Wednesday, February 07, 2007

Glenn Beck's Race Problem

Since the very first time I saw him, I've always been keenly aware that Glenn Beck is a nut. So the following will not break any shattering new paradigms in that regard. But Steve Benen's analysis on why Beck justifies having so few Black friends is worth saving, simply because it shows the severe infirmities of a "color-blind" outlook at remedying racism. Here's Beck (talking with conservative Black author Shelby Steele):
"You know, I -- Shelby, I don't know if anybody else in the audience -- oh, this is just going to be a blog nightmare over the next few days -- but let me just be honest and play my cards face up on the table.

"I was thinking about this just last week. I don't have a lot of African-American friends, and I think part of it is because I'm afraid that I would be in an open conversation, and I would say something that somebody would take wrong, and then it would be a nightmare."

There are obvious things to say about this comment (starting with the fact that Beck seems utterly oblivious to the possibility that he might learn something from his would-be Black friends offense about race), but I want to bracket them for now. I just want to note that Beck, if pressed, probably would not admit that this is a racist action on his part. He's not not friends with Blacks because they're Black, he's not friends because he doesn't want to hang with people who will make him feel uncomfortable (which just happens to track being Black). Obviously, this is quite transparent to the folks observing at home. But it does show the infinite malleability of "color-blindness" to justify nearly any racial inequity (and it's been serving in that capacity since Jim Crow).

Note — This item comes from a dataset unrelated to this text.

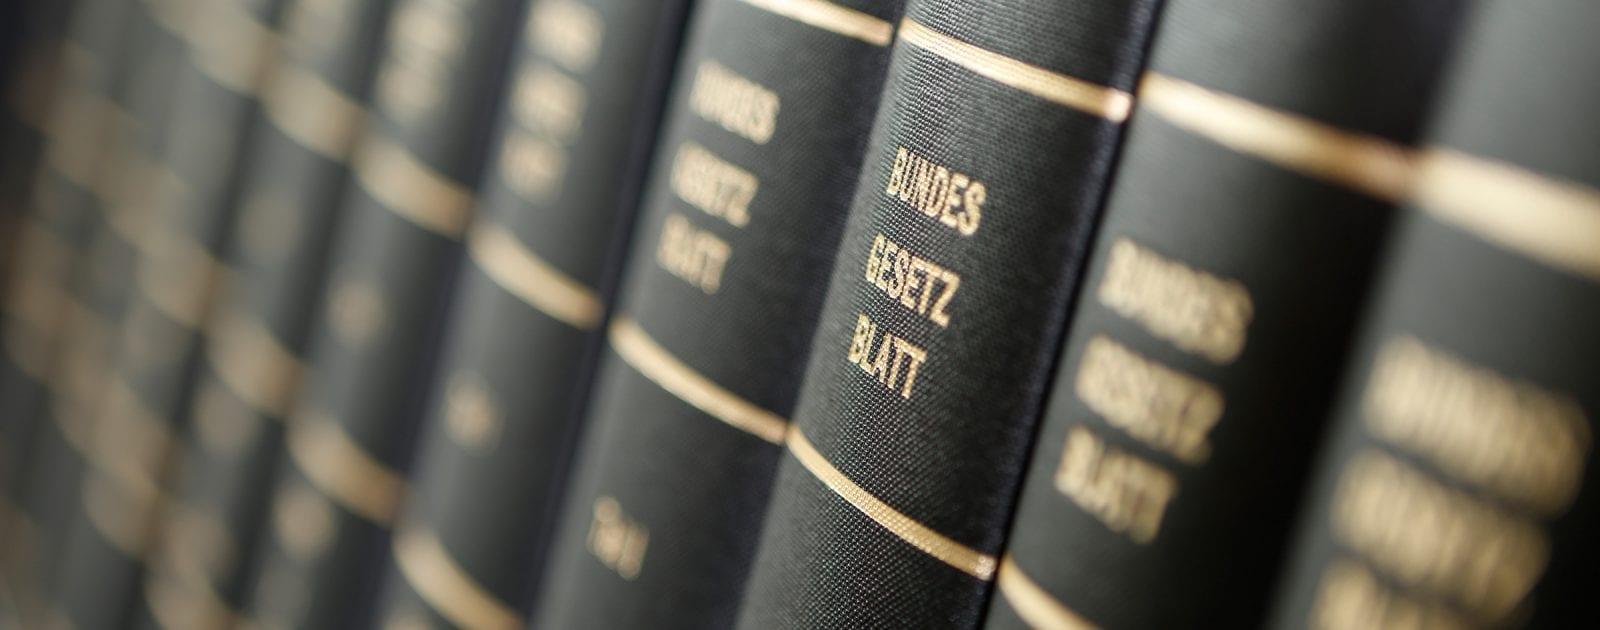 RKM Anwaltskanzlei Notar Göttingen Gesetzesbücher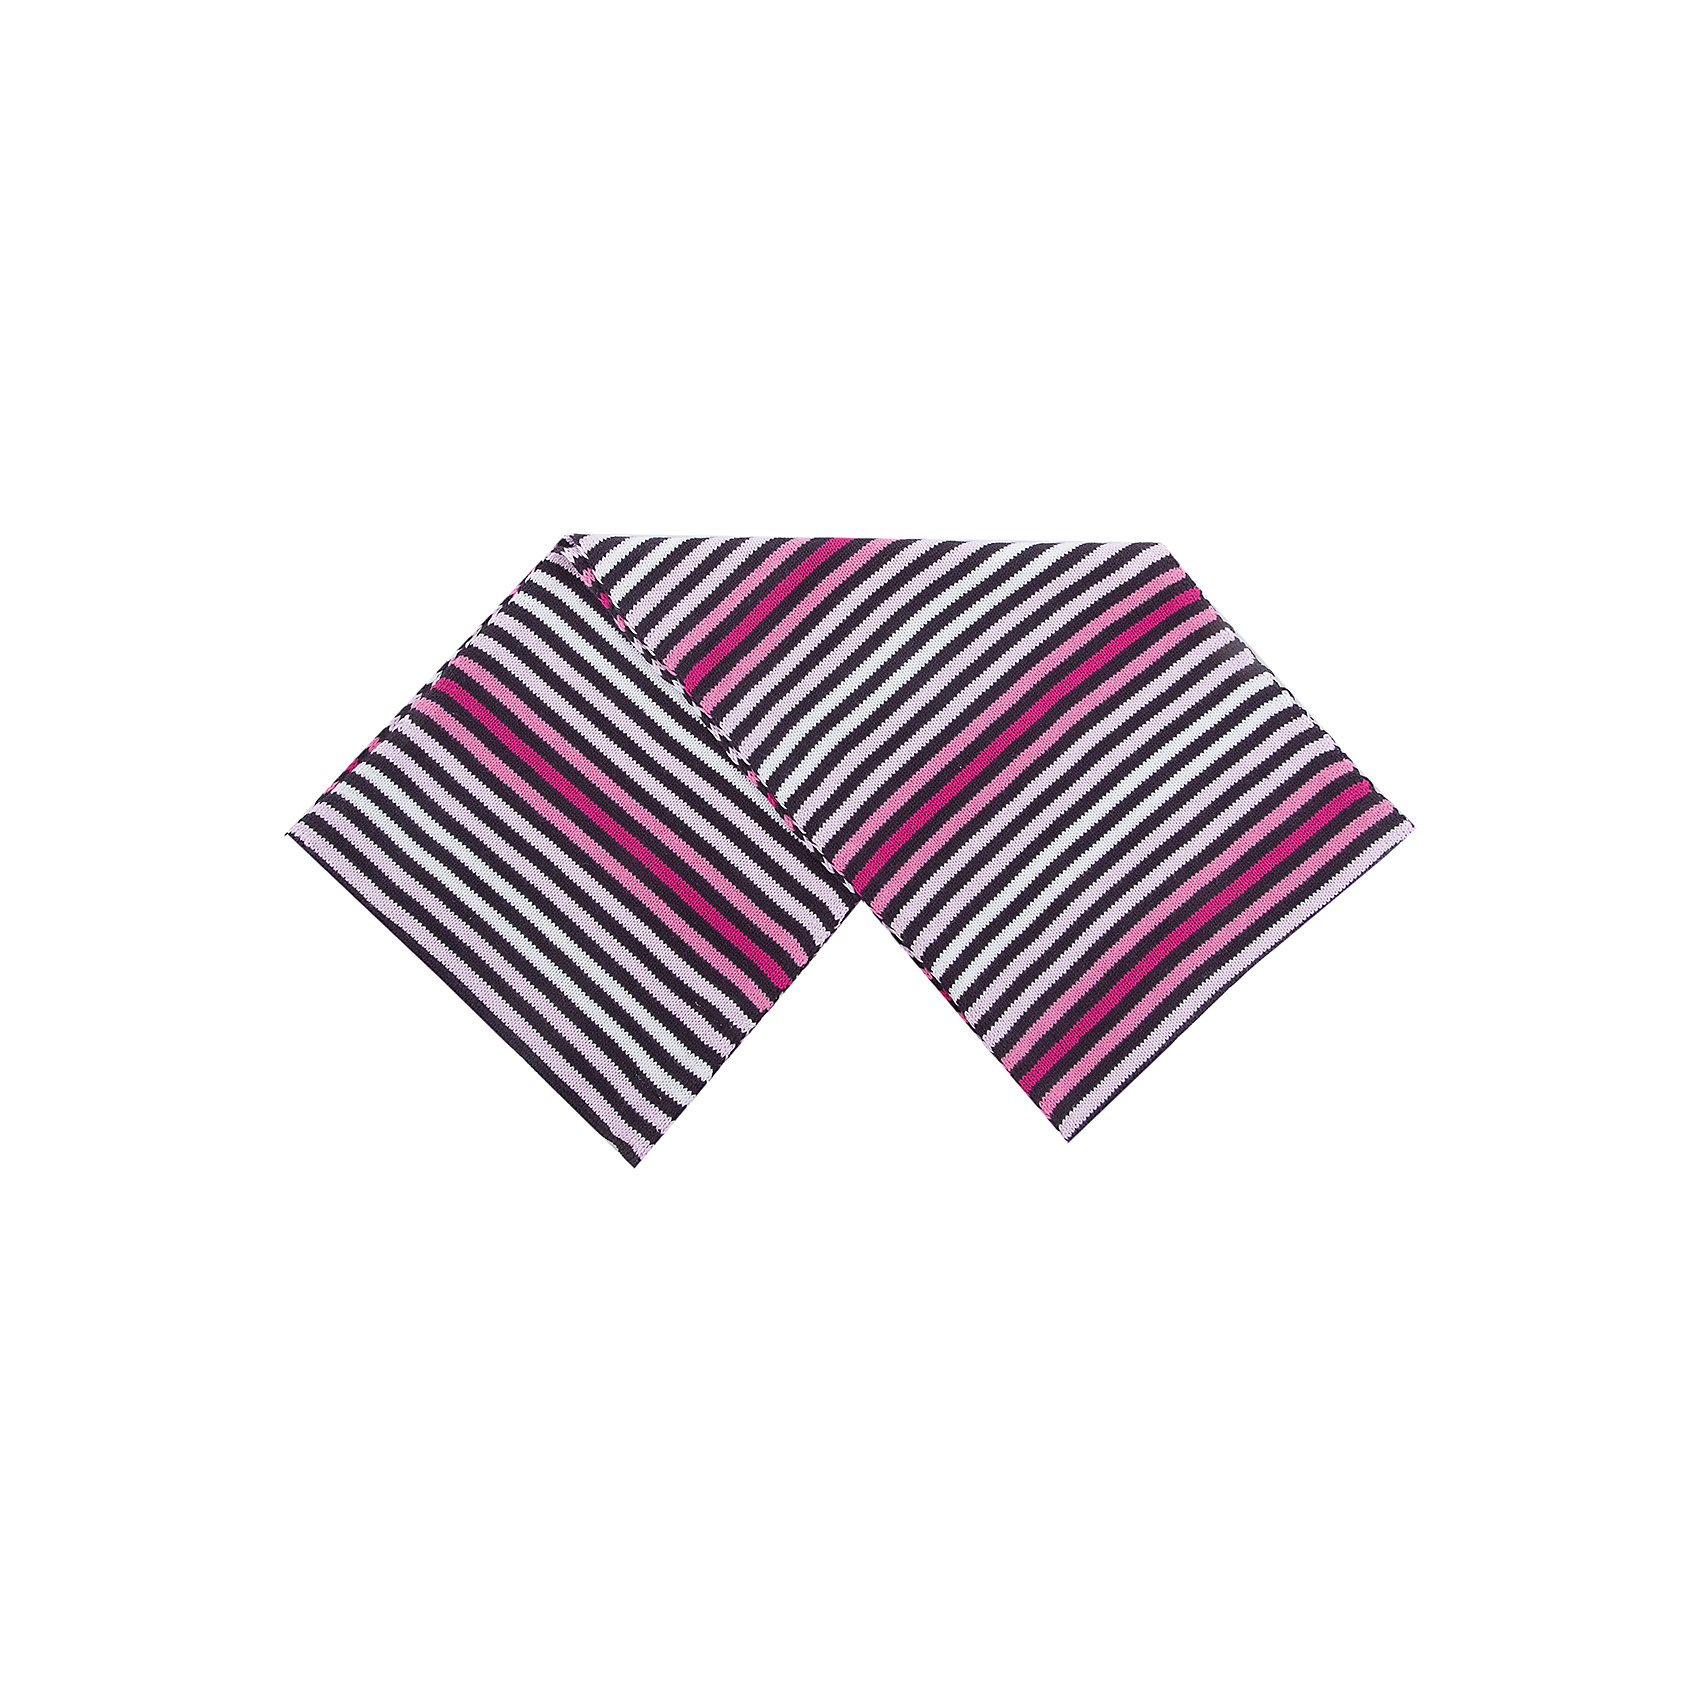 Шарф PlayToday для девочкиШарфы, платки<br>Шарф PlayToday для девочки<br>Стильный трикотажный шарф - хомут отличный аксессуар в гардеробе ребенка. Модель выполнена в технике yarn dyed - в процессе производства используются разного цвета нити. При рекомендуемом уходе изделие не линяет и надолго остается в первоначальном виде. За счет высокого содержания натурального хлопка в материале, шарф не раздражает нежную детскую кожу и не вызывает неприятных ощущений.<br>Состав:<br>80% хлопок, 18% нейлон, 2% эластан<br><br>Ширина мм: 88<br>Глубина мм: 155<br>Высота мм: 26<br>Вес г: 106<br>Цвет: белый<br>Возраст от месяцев: 36<br>Возраст до месяцев: 96<br>Пол: Женский<br>Возраст: Детский<br>Размер: one size<br>SKU: 7115303

Is Beck's instinct shared by many White Americans, who also seem unreasonably skittish about interacting with Blacks because they're afraid they'll screw up and get tarred with the label, "racist"? Yes, I believe it is, and I believe it is something that needs to be addressed seriously and remedied (rather than simply chided from afar). But that won't happen as long as we delude ourselves into thinking that it is "color-blind" thinking on the part of White Americans. It isn't, and it can't be treated that way.

3 comments:

Anonymous said...

David, there's something to what you're saying here but I don't think your interpretation is correct.

As you describe it, Beck's fear hardly fits the definition of traditional racism.

To me it seems more like awareness and fear of the quite real "reverse" racism that is expressed by Blacks in the form of over-sensitivity to issues only marginally or completely unrelated to race.

To the extent that other Whites agree I think you would have to admit that this is a legitimate part of the equation.

David Schraub said...

That only works, Marc, if I'm inclined to believe that--for any given Beck comment--an offended Black response is more likely the result of "reverse racism" or "over-sensitivity" then it is to the comment really being offensive. Since I think the latter is more likely than the former by several orders of magnitude, the fault lies on Beck.

Put simply, if the majority of the Black community says "act X is racist," we don't have to automatically agree with them--but we do have to consider their point seriously. The contemporary move of dismissing every Black complaint about White racism as a victimology statement is not serious consideration. And ultimately, it is that rhetorical move--"the race card card"--that is the primary inhibitor of frank conversations about race today--conversations which, yes, will make White people uncomfortable, but only because they'll have to come to terms with the fact that many Black people think that some of their behaviors, actions, and words are expressions of racism.

Anonymous said...

marc,

I have heard some wierd extensions of the concept of "reverse racism,"
(which is, I think, an oxymoron)but this takes the cake. "Over-sensitivity to issues only marginally or completely unrelated to race" strikes me, in itself, as being unrelated to race or racism. If you want to argue oversensitivity, I can see that. Tagging it racist, "reverse"
or otherwise, does not advance this discussion. Indeed, I think it
makes you guilty of the same fault you see in others--poisoning the well rather than addressing the substantive issue.